Chanting as an Embodied Spiritual Practice

Chanting is very grounding for me. It’s an embodied spiritual practice that engages all three of our centers – moving, emotional, and intellectual -- and brings us straight to the heart.  I love this about chanting with a group of people—how we find a new state of being rooted in the heart. And when we find ourselves in the heart, all is well, things feel whole, and true compassion and other fruits of the spirit just flow out.

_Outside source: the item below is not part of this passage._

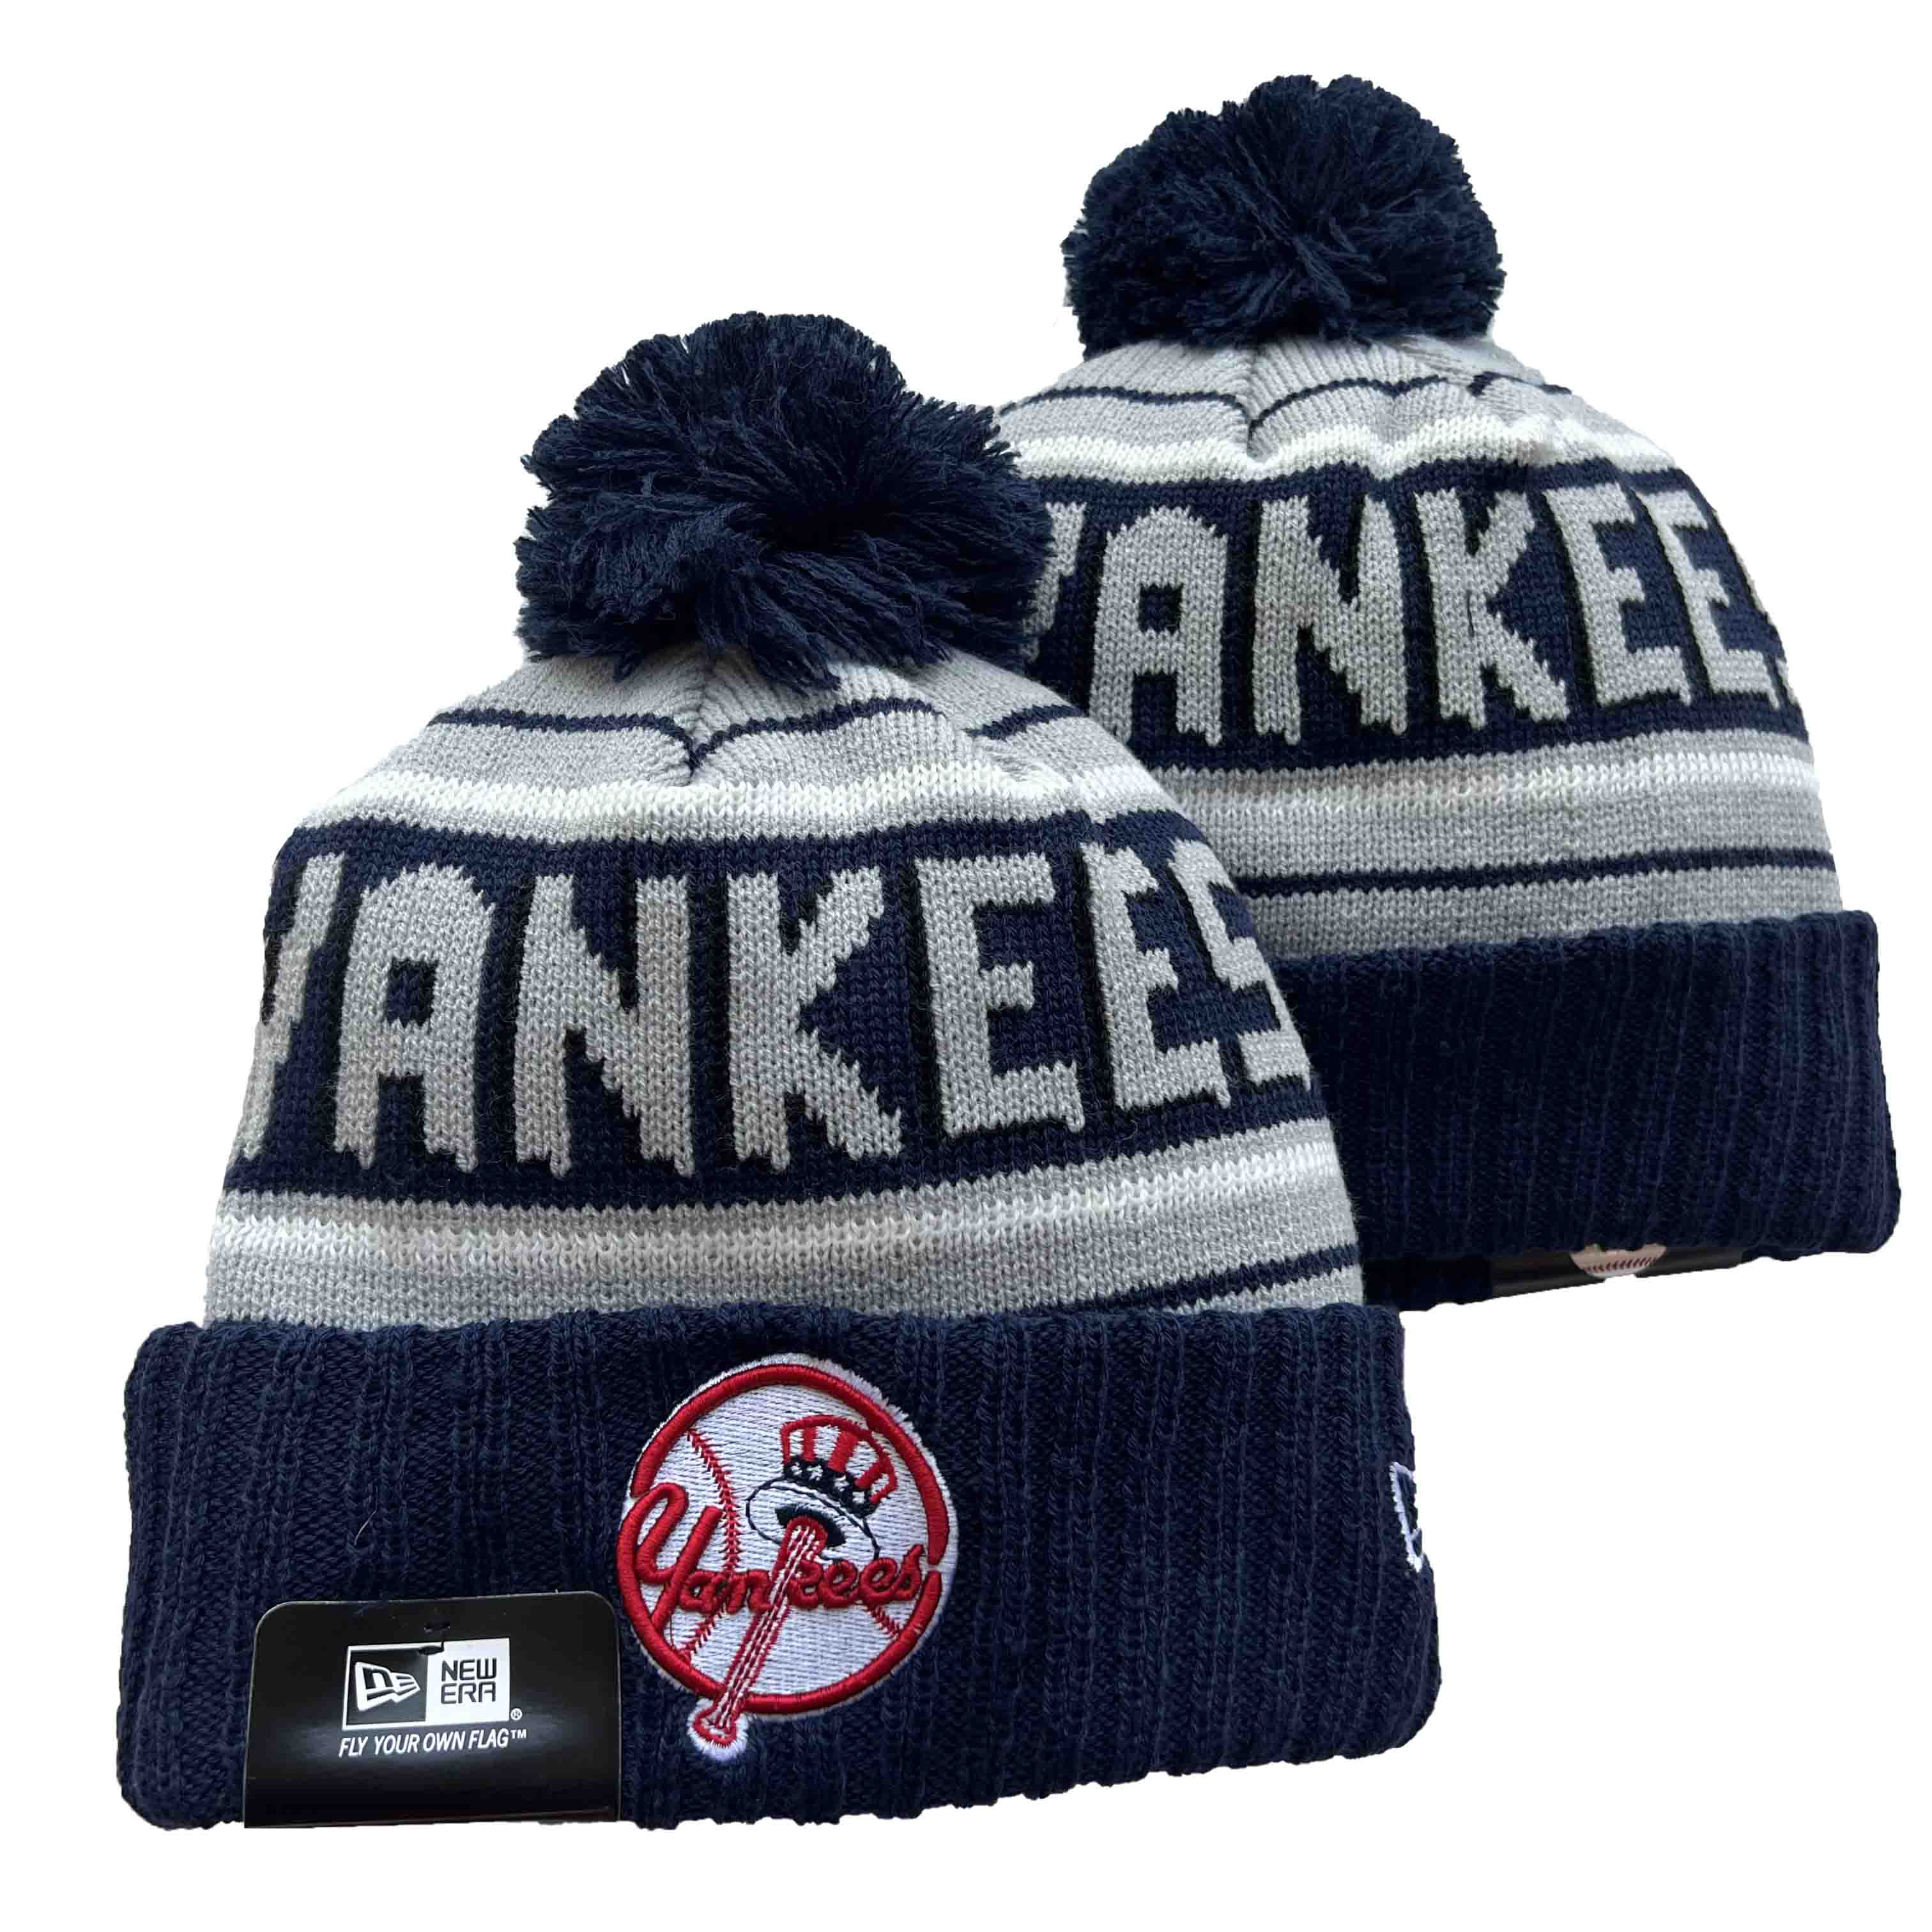 New York Yankees Knit Hats -6
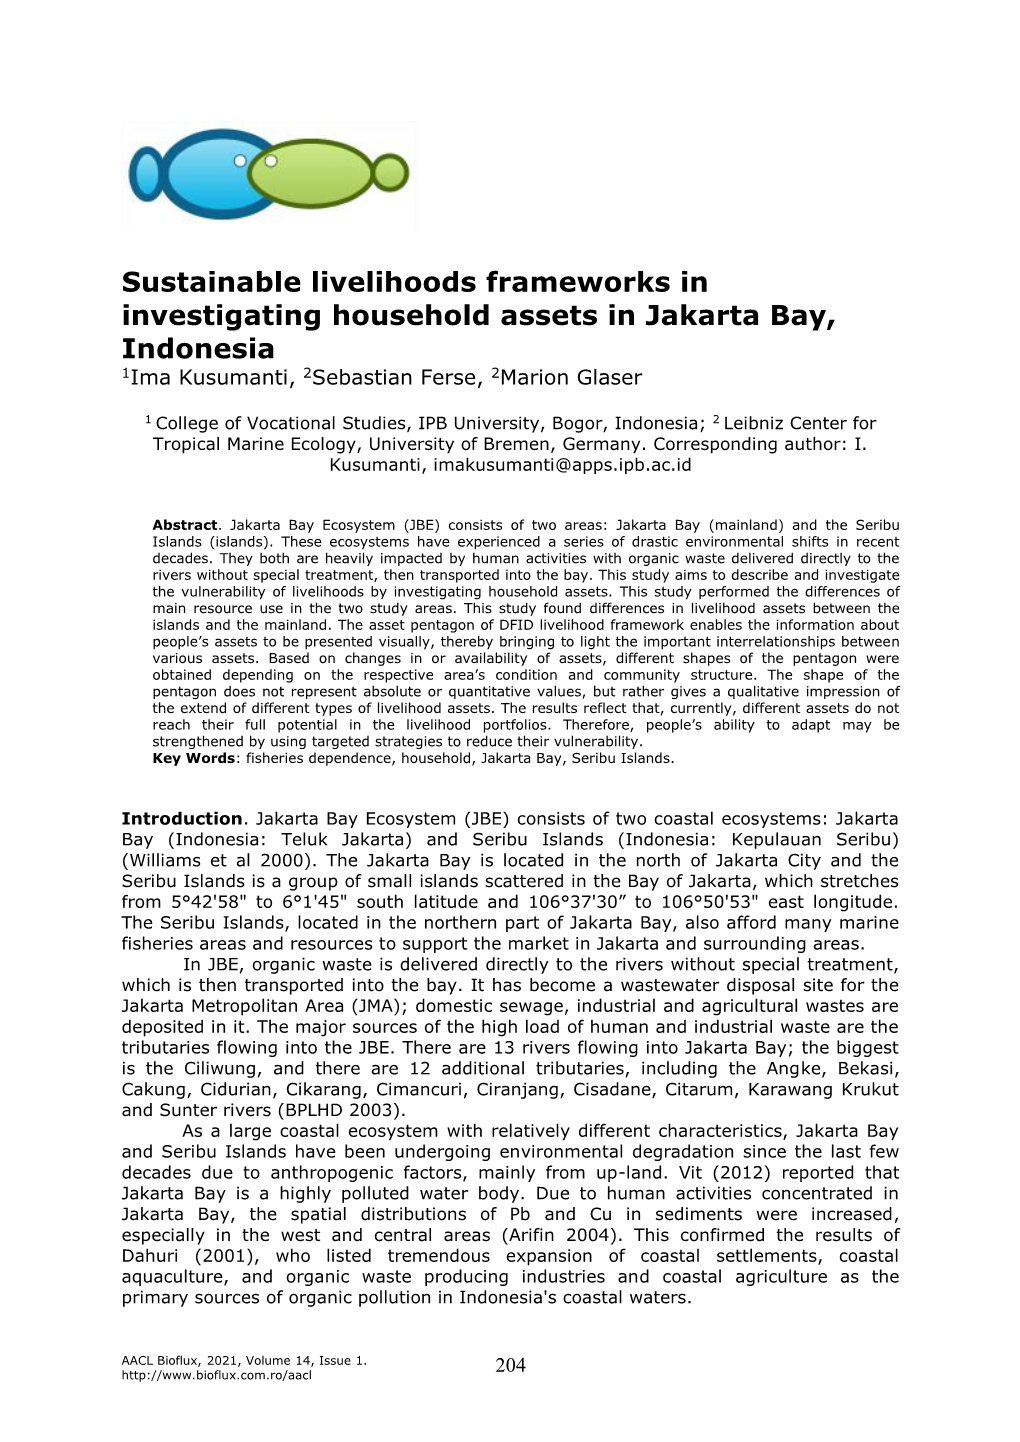 Sustainable Livelihoods Frameworks in Investigating Household Assets in Jakarta Bay, Indonesia 1Ima Kusumanti, 2Sebastian Ferse, 2Marion Glaser

Personally, I find it a perfect prelude to a meditation practice such as centering prayer, and a delight on its own. When I feel a little “off base,” I might chant -- in the car, or quietly in the grocery line or the dentist’s office —it helps me to show up as a whole human being. I’ve been surrounded with music all my life, and have often woken up with melodies in my heart. It has been a natural expansion of the wisdom path for me to become more involved in chanting – leading groups of people intoning them together, writing them, and simply offering them as prayer. 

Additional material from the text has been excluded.